Intention detection device for upper extremity wearable robot {APPARATUS FOR DETERMINING INTENTION OF USER USING WEARABLE ROBOT OF UPPER LIMB}

The present invention relates to a device for detecting an intention of an upper extremity wearable robot, and more particularly, to an intention detecting device for an upper extremity wearable robot for detecting a user's intention of the wearable robot.

As robots are used in various fields, robots are increasingly performing tasks previously performed by humans. Various types of robots are being used to repeatedly perform tasks by replacing relatively simple and easy tasks with robots, or to perform tasks in environments where it is difficult for humans to directly input them.

As an example of this, a robot that mimics a human form is used in industrial sites in order for the robot to perform tasks originally performed by humans, such as production automation processes or rough terrain exploration. Accordingly, various methods have been tried to enable the user to control the movement of the robot similar to the human form through intuitive manipulation.

In addition, the development of wearable robots for the disabled, patients or the elderly with physical abilities that are impossible for daily living, or wearable robots for industrial or military use to enhance physical strength or physical ability is in progress.

In the case of wearable robots for the disabled, patients, or the elderly, they can be classified into a wearable robot for the paralyzed person and a wearable robot for the elderly or partially paralyzed or disabled according to the size or role of the physical ability and required assistive force. .

Conventional wearable robots are divided into defense, industrial, and welfare, and a lot of research is being done on how to understand the user's intentions (HRI: Human-Robot Interaction). In addition, the user's intention is identified through torque sensor, EMG (Electromyography) sensor, vision sensor, EEG (Electroencephalography, EEG), mechanical structure, AI, etc.

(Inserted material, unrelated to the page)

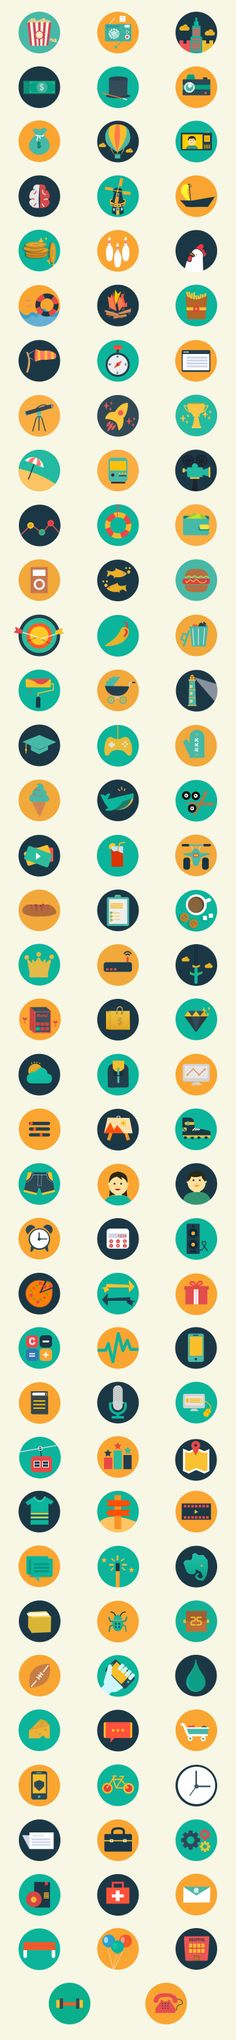 Meroo – A Gorgeous Flat-Styled Icon Set (110 Icons)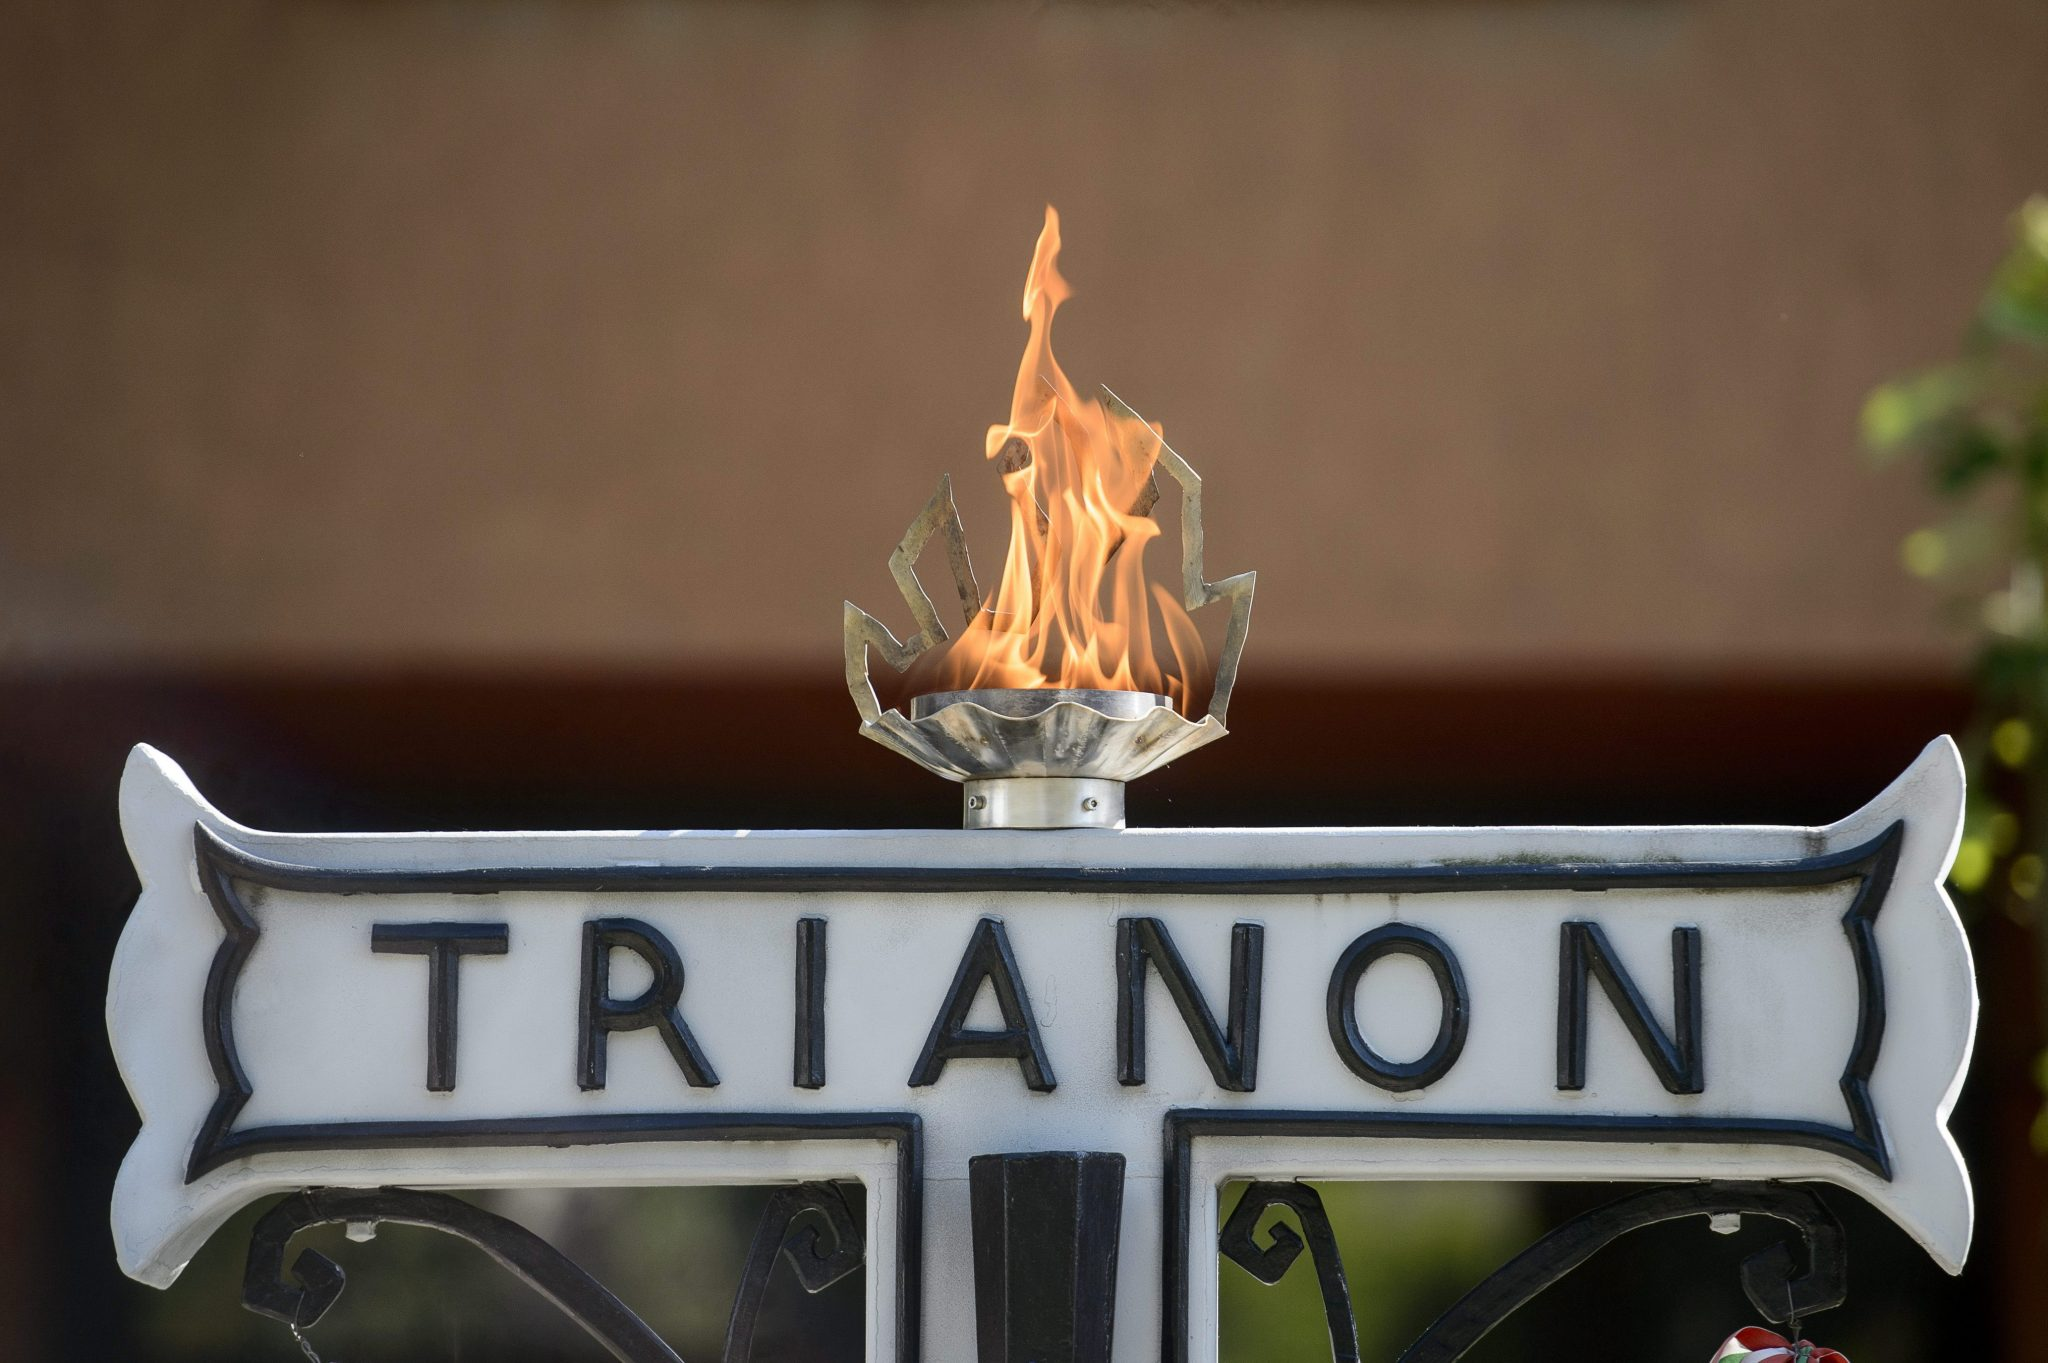 Survey: Vast Majority of Hungarians Believe Trianon Treaty Was 'Unjust, Excessive' post's picture

In the case of the torque sensor, it is used to determine where the user applies the force, and assists by identifying the direction of the force in advance. The EMG sensor measures the amount of muscle activity as an electrical signal. Because an electrical signal is generated in the relevant muscle area before a human applies force to the robot, the intention of the movement can be identified before the actual movement occurs, and even when the muscle is weak or absent.

It learns using the data of these sensors and uses the learned data to understand the user's intention. However, in the case of the angle value, the angle value obtained from the stored training data and the real-time input data may be different even if the user makes the same movement. However, this is due to the accumulation of sensor errors such as drift.

For example, when recording training data for contextawareness using an inertial measurement unit (IMU) that includes an accelerometer and a gyro sensor, the roll ( There is a problem in that absolute values of angles such as roll, pitch, and yaw may not match the initial angles when users start using the device.

In particular, in the case of a torque sensor, it is difficult to attach directly to the body, and if a mechanical structure is required, the weight of the robot increases.

In the case of the EMG sensor, the measured EMG signal has a lot of noise, a separate processing process is required to determine the intention, and it has to be directly attached to the skin. There was also the problem of constantly changing it.

In addition, when changing the attachment position of the sensor, sensor initialization work is required, and there is a problem that the magnitude of the measurement signal is lowered according to muscle fatigue. There was also the problem of increasing.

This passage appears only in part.